[SRU] trusty/icehouse neutron-plugin-openvswitch-agent: lvm.tun_ofports.remove crashes with KeyError

Bug #1531963 reported by JuanJo Ciarlante on 2016-01-07
30
This bug affects 5 people
Affects Status Importance Assigned to Milestone
neutron (Ubuntu)
High
Corey Bryant
Trusty
High
Unassigned

Bug Description

[Impact]
Neutron OVS breaks with unhandled exceptions on compute nodes.

[Test Case]
For reproduction see the original bug description below.

[Regression Potential]

The backported patch is very straightforward, with a few minor conflicts noted in the patch.

-------------

Original bug description:

Filing this on ubuntu/neutron package, as neutron itself is EOL'd for Icehouse.

FYI this is a nonHA icehouse/trusty deploy using serverteam's juju charms.

On one of our production environments with a rather high rate of API calls, (sp for transient VMs from CI), we frequently get neutron OVS breakage on compute nodes¹, which we've been able to more or less correlate with the following alike errors at /var/log/neutron/openvswitch-agent.log:

2016-01-07 06:33:48.917 18357 TRACE neutron.openstack.common.rpc.amqp File "/usr/lib/python2.7/dist-packages/neutron/plugins/openvswitch/agent/ovs_neutron_agent.py", line 399, in _del_fdb_flow
2016-01-07 06:33:48.917 18357 TRACE neutron.openstack.common.rpc.amqp lvm.tun_ofports.remove(ofport)
2016-01-07 06:33:48.917 18357 TRACE neutron.openstack.common.rpc.amqp KeyError: '13'

Detailed log: http://paste.ubuntu.com/14431656/ - note the same time of occurrence on the 3 diff compute nodes shown there.

¹ What we then observe are missing are missing tun_ids from
  ovs-ofctl dump-flows br-tun
ie provider:segmentation_id not present at the compute node for a VM with a neutron network that has it.

Afaics this had been fixed upstream at ( lp#1421105 ):
https://git.openstack.org/cgit/openstack/neutron/commit/?id=841b2f58f375df53b380cf5796bb31c82cd09260
, please consider backporting it to Icehouse, it's a pretty trivial fix.

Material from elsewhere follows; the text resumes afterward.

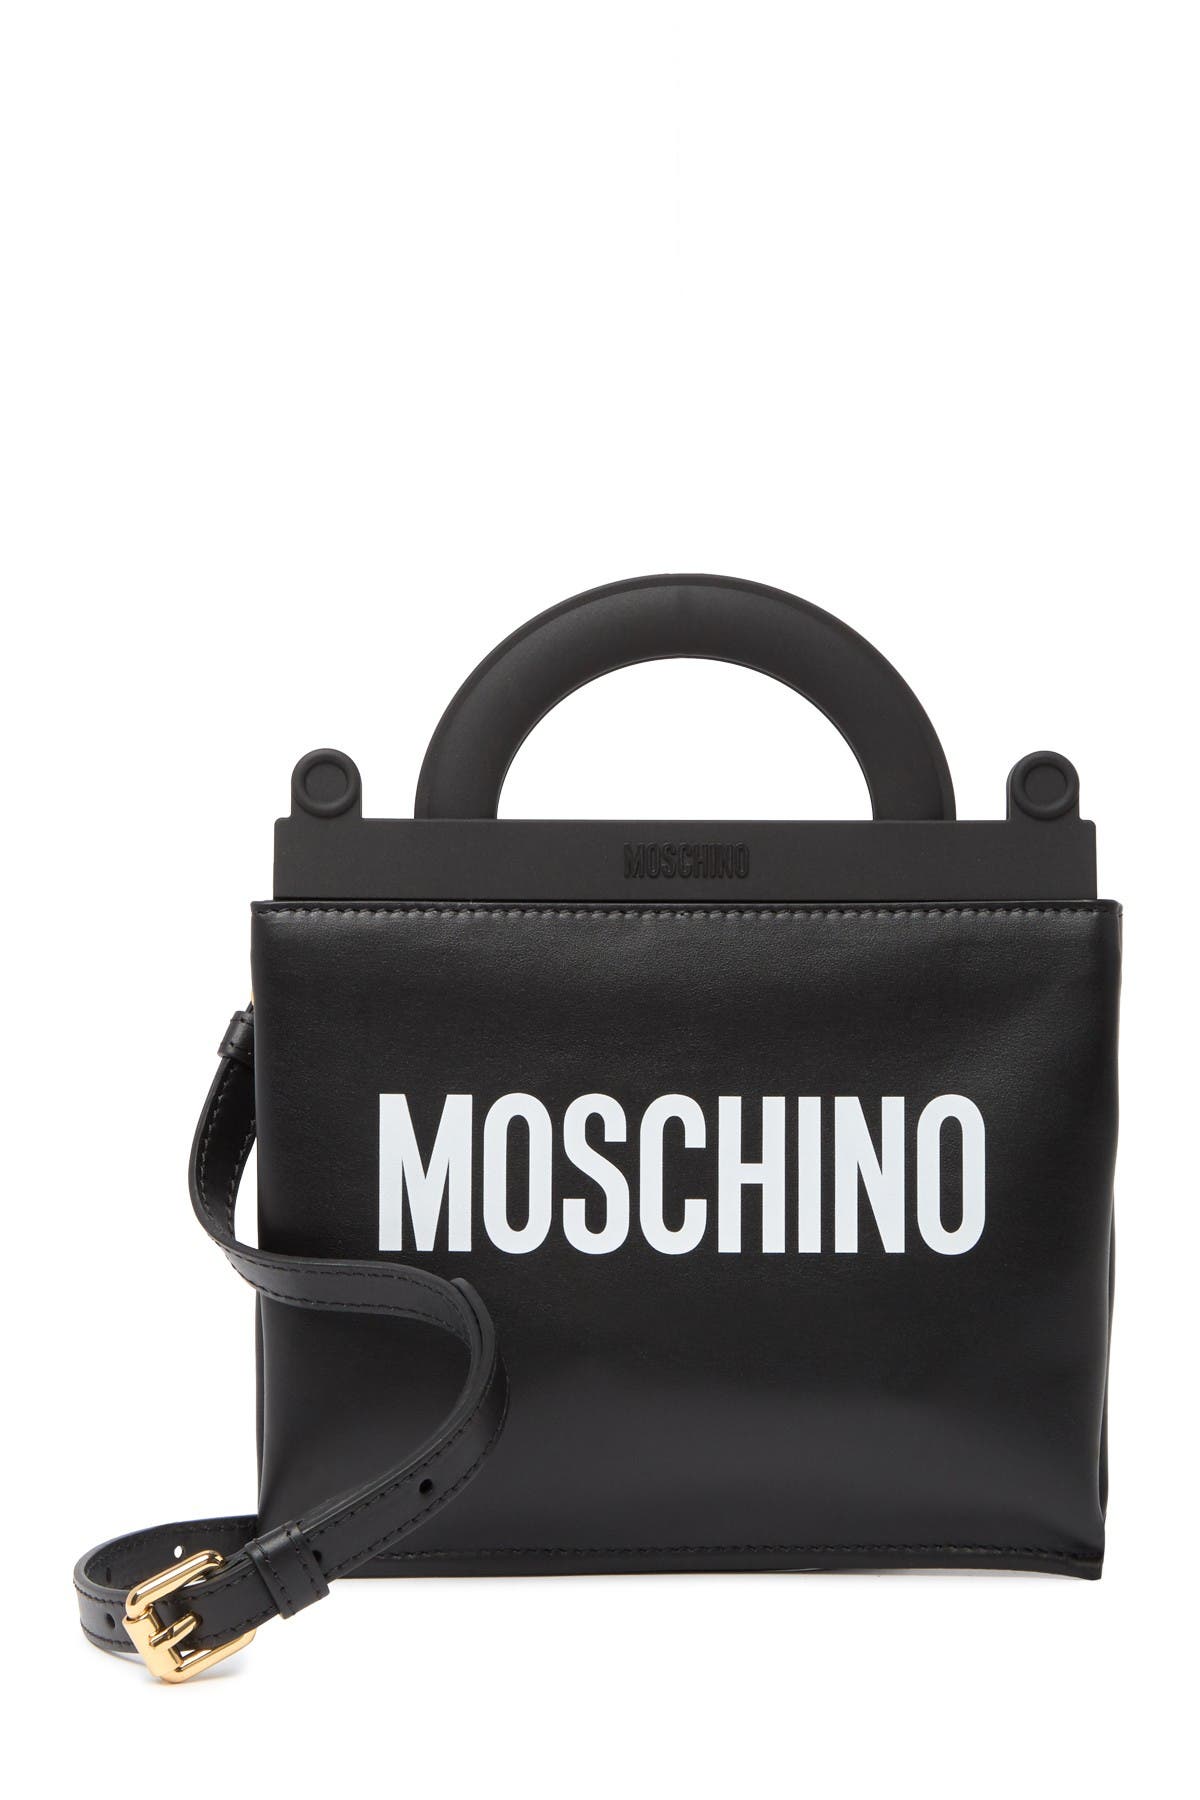 moschino leather crossbody bag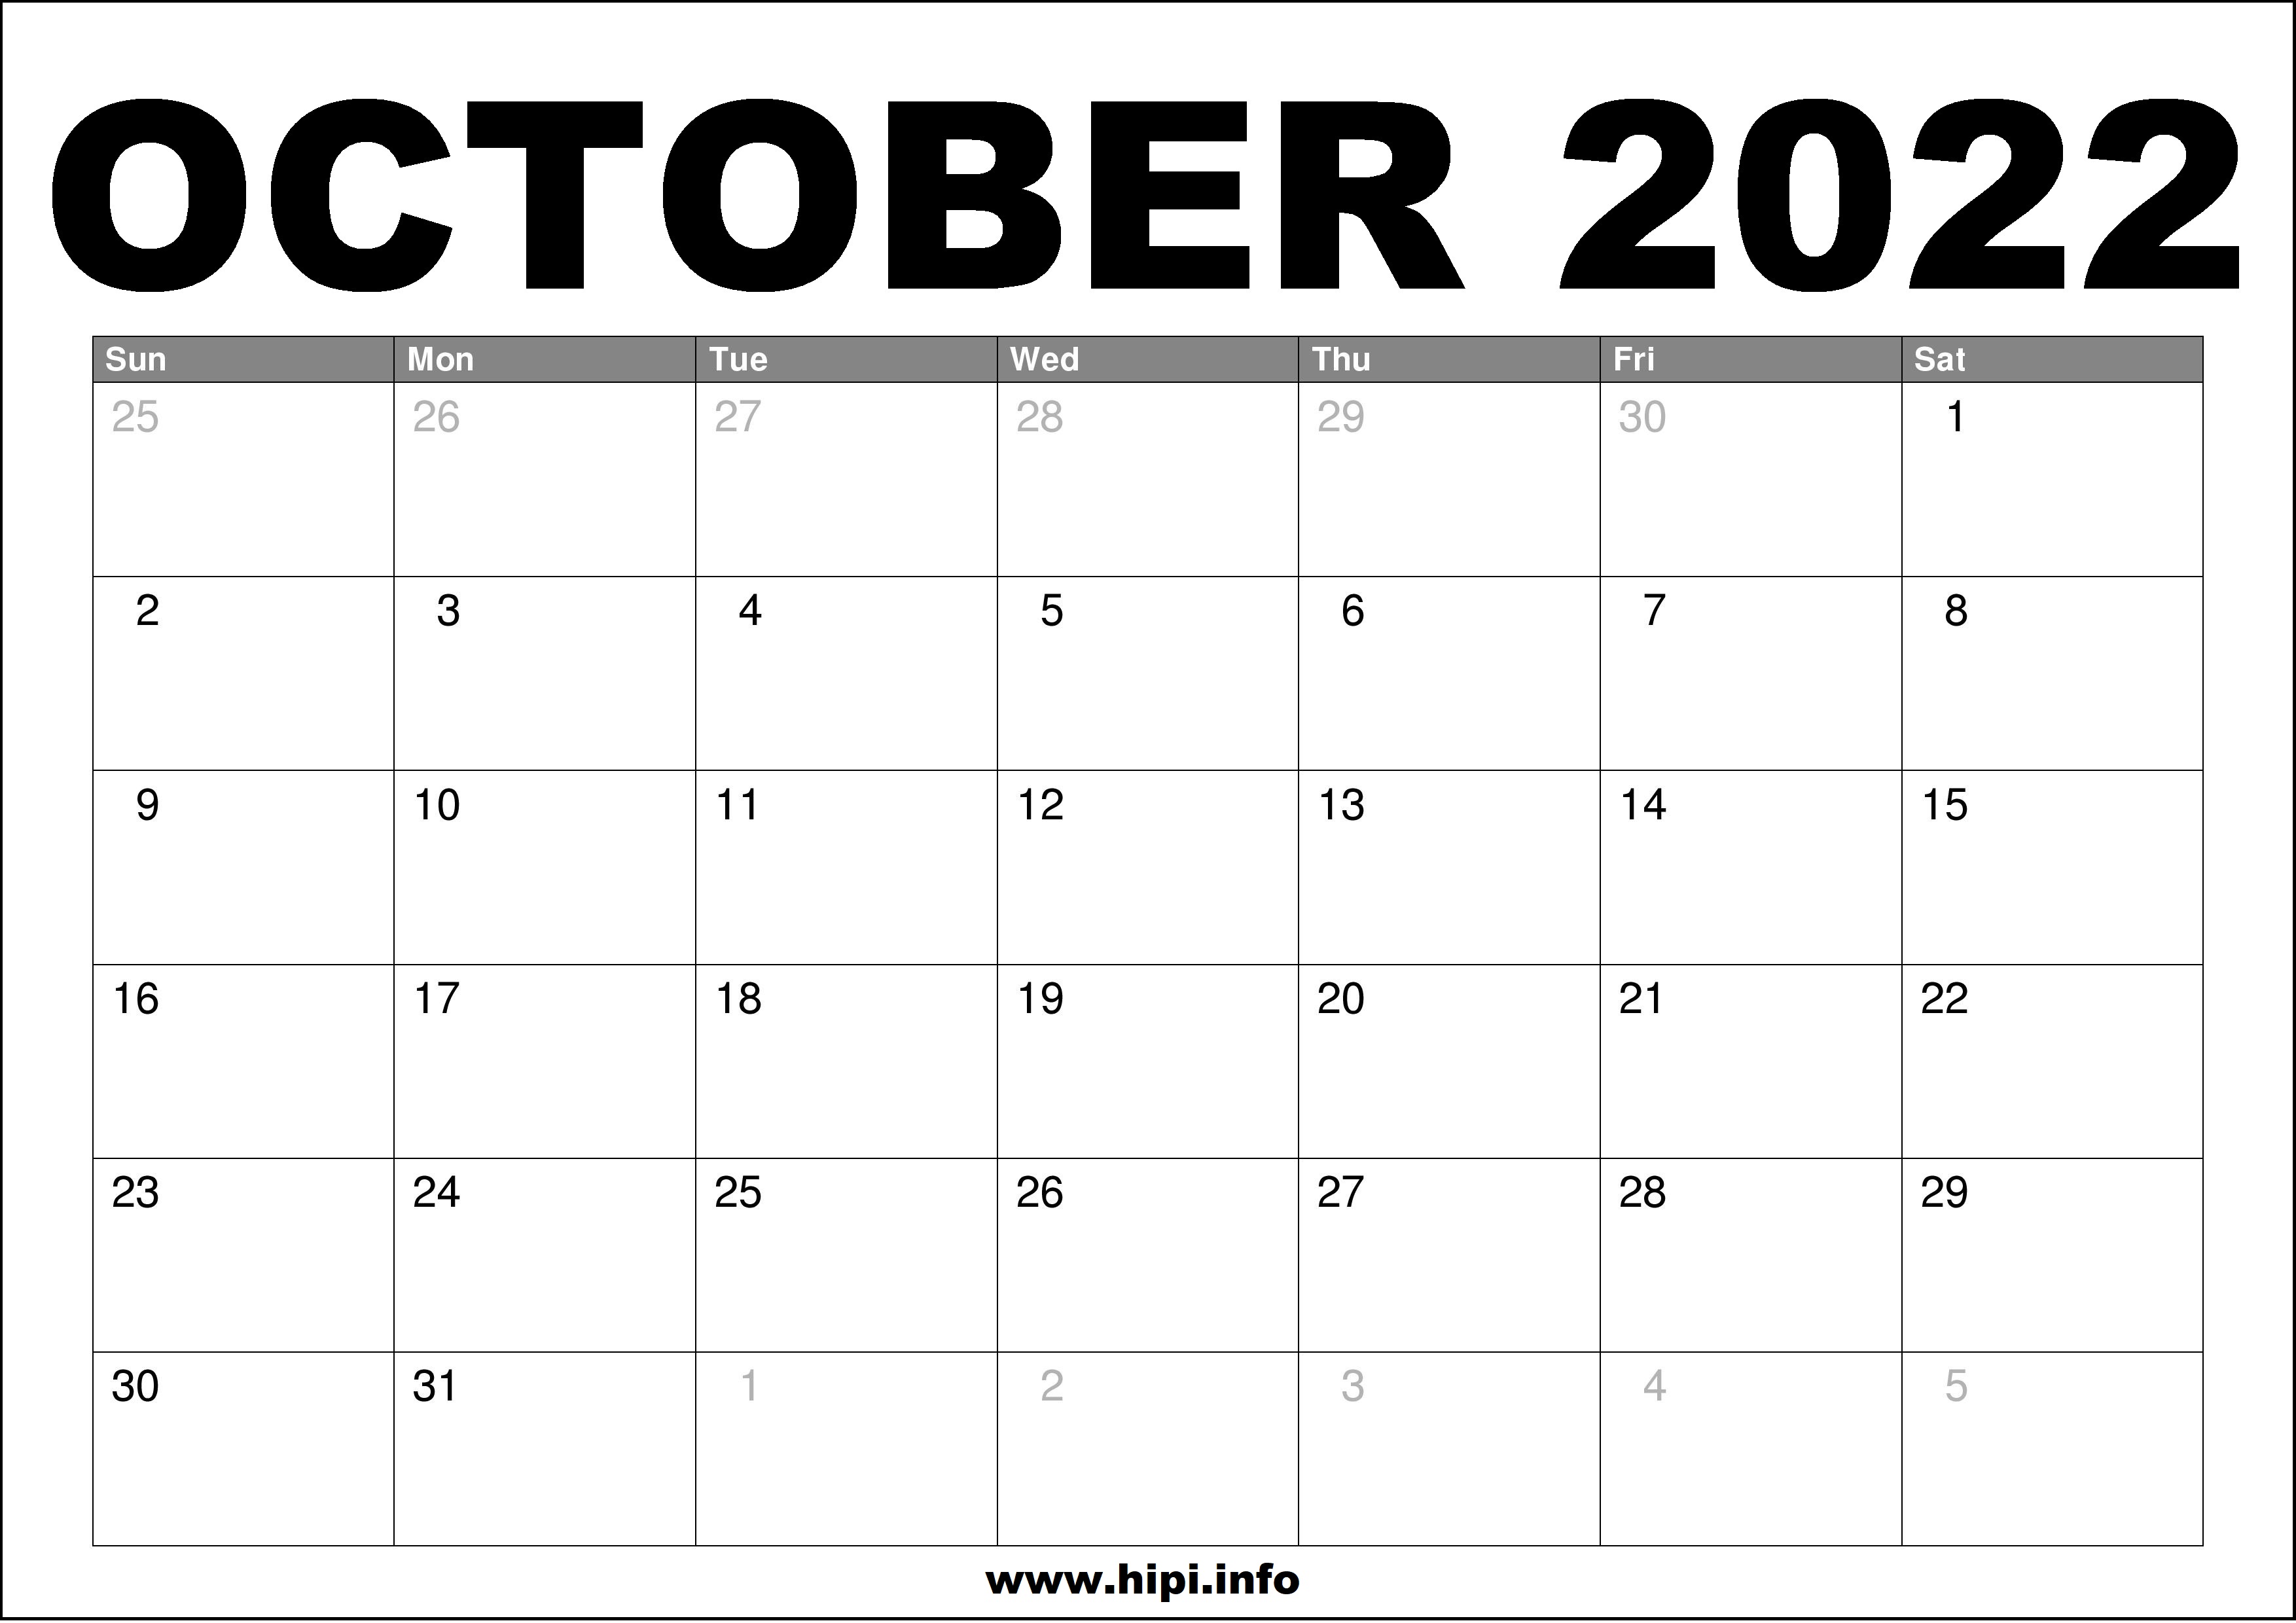 0ctober 2022 Calendar October 2022 Calendar Printable Free - Hipi.info | Calendars Printable Free

JuanJo Ciarlante (jjo) on 2016-01-07
description: updated
Launchpad Janitor (janitor) wrote :

Status changed to 'Confirmed' because the bug affects multiple users.

Changed in neutron (Ubuntu):
status: New → Confirmed
James Troup (elmo) on 2016-01-14
tags: added: openstack sts
Antonio Rosales (arosales) wrote :

Chatting with Anthony and Tom this hasn't been tested on Openstack > Icehouse but the fix (https://git.openstack.org/cgit/openstack/neutron/commit/?id=841b2f58f375df53b380cf5796bb31c82cd09260) is suggested to resolve the issue they are seeing.

Next action, triage https://git.openstack.org/cgit/openstack/neutron/commit/?id=841b2f58f375df53b380cf5796bb31c82cd09260 and confirm back-porting to Icehouse.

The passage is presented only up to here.